Atmospheres – The Ambience of Matter
Architecture has turned to focus more closely on the properties of matter, which are often dynamic, changeable and difficult to fix as an image. This has led designers and researchers to open up the black box of architectural materials, in order to understand their underlying physical characteristics, their toxicity or carbon and energy footprints, as well as the social and cultural forces that underlie their production and which accrue to them through use. Even materials that have traditionally appeared incidental to architecture – such as the air, or the waves that pass through it – have also appeared at the centre of architectural investigations.
Implosions / Explosions – Urban Ambience
Since the 1980s the focus of architecture has titled toward the urban and more recently the territorial scale. This shift has provoked new problems for design. At its most extreme, it has required us to think about urbanization as a planetary process, which includes not only dense centres of agglomeration, but also the resource peripheries, which fuel our cities. However, it is not only the scale of urbanization that has shifted, so too have the actants which need to be included in our understanding of the urban. Architects have begun to focus on urban conditions that they rarely considered in earlier projections of urban form, such as urban ecology and urban metabolism, including the cycles of non-human forms of life and energy.

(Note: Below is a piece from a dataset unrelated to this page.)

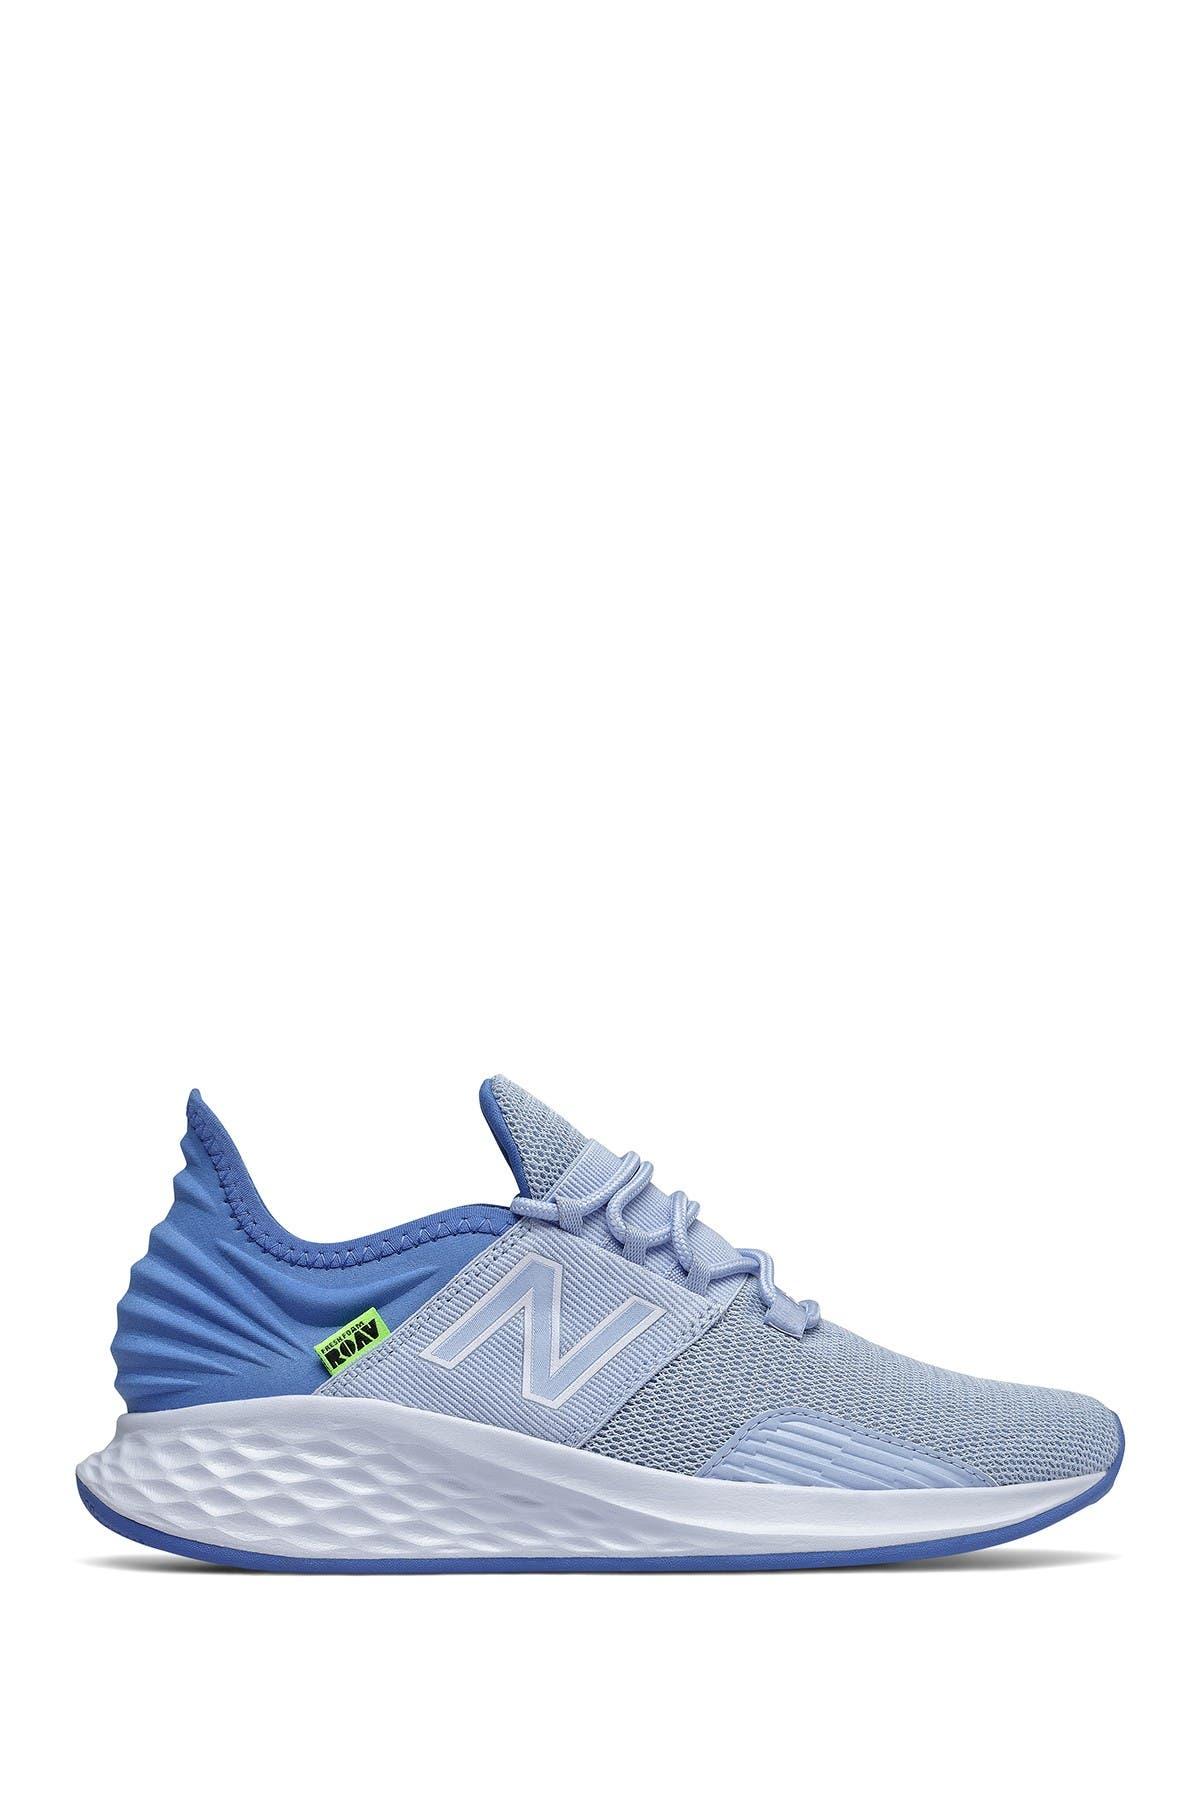 Image of New Balance Fresh Foam Roav Running Sneaker - Wide Width Available
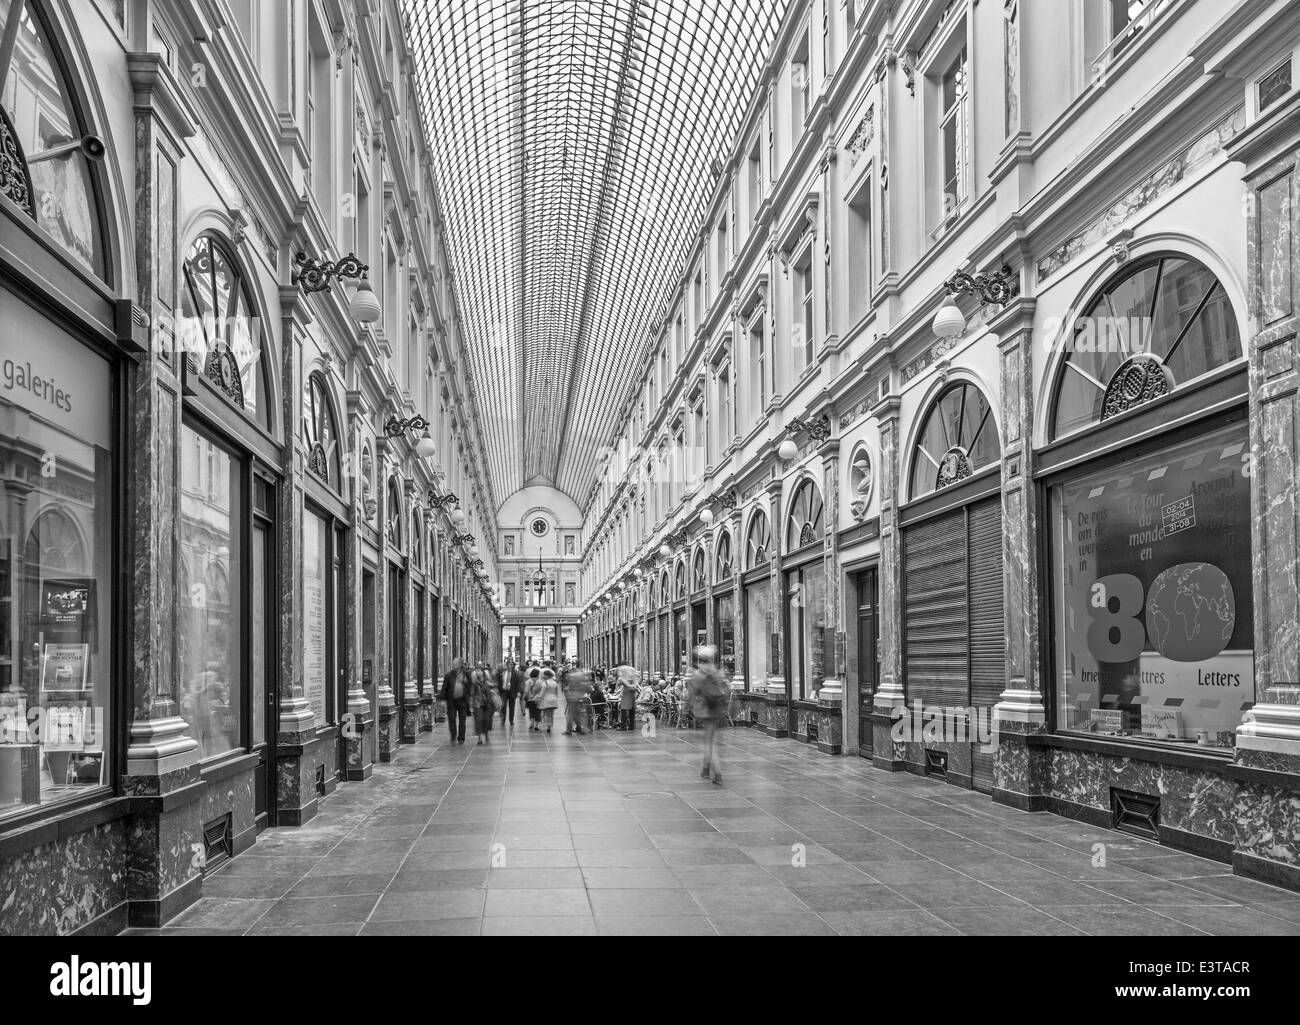 BRUSSELS, BELGIUM - JUNE 16, 2014: Royal Galeries of st. Hubert. The galleries was opened in year 1846. - Stock Image

Spatial Practice – The Ambience of Social Relations
The social relations that inhabit architecture are rarely the focus of architectural design and they are certainly much more difficult to represent than the materiality of architecture itself. In the 1970s these questions were an important counterculture within architectural thinking, but this focus receded in the 1980s under the pressure of post-modernism. Today the problem of spatial practice has returned through the influence of critical geography, and its critique of the austerity measures and militarization, which are part and parcel of the neoliberal political economy on which architectural production is based. In this context, architects are responding to contemporary social movements like Occupy and Black Lives Matter, in order to address existing spatial problems of segregation and economic polarization.
These new representations of ambient conditions are foreshadowed in the exhibition Drawing Ambience: Alvin Boyarsky and the Architectural Association, but contemporary practices have also expanded beyond these speculative architectural representations of the 1970s and 1980s. The symposium strives to explore these emerging pathways.